=== Section Start ===

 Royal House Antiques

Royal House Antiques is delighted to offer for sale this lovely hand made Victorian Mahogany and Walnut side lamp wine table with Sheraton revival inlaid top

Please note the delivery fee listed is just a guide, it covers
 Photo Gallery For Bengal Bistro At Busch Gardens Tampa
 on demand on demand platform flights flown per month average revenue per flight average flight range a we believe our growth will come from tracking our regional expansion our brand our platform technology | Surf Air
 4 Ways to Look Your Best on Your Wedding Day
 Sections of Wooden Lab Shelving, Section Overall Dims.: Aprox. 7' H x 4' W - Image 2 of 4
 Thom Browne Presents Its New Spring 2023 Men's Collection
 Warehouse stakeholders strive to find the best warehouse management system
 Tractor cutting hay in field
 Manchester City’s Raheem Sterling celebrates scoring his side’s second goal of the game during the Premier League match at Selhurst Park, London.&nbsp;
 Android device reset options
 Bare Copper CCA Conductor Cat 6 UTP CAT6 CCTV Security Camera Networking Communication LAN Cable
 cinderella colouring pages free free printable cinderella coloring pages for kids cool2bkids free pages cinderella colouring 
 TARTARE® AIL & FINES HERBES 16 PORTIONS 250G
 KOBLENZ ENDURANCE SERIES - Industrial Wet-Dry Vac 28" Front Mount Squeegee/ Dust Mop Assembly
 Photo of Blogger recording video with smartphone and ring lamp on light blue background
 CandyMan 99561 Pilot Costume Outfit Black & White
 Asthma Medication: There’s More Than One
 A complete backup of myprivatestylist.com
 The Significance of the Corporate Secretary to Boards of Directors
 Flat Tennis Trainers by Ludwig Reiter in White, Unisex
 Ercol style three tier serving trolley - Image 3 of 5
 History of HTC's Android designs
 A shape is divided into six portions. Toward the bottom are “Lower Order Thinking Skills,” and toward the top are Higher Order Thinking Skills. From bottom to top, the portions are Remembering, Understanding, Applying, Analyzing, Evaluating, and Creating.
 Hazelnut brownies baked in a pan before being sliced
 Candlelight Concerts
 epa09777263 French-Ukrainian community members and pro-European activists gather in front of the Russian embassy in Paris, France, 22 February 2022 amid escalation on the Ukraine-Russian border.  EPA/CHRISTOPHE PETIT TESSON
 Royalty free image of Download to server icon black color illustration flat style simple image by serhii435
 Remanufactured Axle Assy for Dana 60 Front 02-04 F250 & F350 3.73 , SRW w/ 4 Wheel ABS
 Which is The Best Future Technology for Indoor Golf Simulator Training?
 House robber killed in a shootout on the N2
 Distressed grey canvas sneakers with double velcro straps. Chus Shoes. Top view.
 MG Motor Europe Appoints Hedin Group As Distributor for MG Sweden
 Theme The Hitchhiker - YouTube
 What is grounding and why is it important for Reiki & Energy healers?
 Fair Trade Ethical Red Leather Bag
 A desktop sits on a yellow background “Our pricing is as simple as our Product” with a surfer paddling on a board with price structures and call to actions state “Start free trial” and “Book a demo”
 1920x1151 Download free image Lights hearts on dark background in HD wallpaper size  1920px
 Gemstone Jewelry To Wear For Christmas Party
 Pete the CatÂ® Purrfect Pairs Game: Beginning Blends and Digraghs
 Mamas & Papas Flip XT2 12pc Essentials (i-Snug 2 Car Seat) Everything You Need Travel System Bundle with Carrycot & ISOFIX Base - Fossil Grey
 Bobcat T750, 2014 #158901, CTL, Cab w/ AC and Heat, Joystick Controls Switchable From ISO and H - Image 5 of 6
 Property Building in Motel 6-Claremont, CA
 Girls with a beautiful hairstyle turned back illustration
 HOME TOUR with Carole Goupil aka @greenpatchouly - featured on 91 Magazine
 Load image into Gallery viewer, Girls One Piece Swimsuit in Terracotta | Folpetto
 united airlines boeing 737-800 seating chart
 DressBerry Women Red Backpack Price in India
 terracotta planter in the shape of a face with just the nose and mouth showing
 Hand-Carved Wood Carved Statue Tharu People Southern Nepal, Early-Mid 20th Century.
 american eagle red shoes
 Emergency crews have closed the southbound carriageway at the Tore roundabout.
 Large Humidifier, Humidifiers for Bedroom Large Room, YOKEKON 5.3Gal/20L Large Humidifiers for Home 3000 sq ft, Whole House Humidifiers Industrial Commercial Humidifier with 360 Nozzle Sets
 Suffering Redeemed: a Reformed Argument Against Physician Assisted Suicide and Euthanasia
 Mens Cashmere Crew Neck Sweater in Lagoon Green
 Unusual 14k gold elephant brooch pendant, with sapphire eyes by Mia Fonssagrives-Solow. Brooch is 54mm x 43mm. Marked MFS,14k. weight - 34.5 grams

=== Section End ===

■ **ASSIGNMENT**
Locate "Large Humidifier, Humidifiers" in the material, then quote the line that contains it and all lines after it through the final one.

■ **ANSWER BOX**
 Large Humidifier, Humidifiers for Bedroom Large Room, YOKEKON 5.3Gal/20L Large Humidifiers for Home 3000 sq ft, Whole House Humidifiers Industrial Commercial Humidifier with 360 Nozzle Sets
 Suffering Redeemed: a Reformed Argument Against Physician Assisted Suicide and Euthanasia
 Mens Cashmere Crew Neck Sweater in Lagoon Green
 Unusual 14k gold elephant brooch pendant, with sapphire eyes by Mia Fonssagrives-Solow. Brooch is 54mm x 43mm. Marked MFS,14k. weight - 34.5 grams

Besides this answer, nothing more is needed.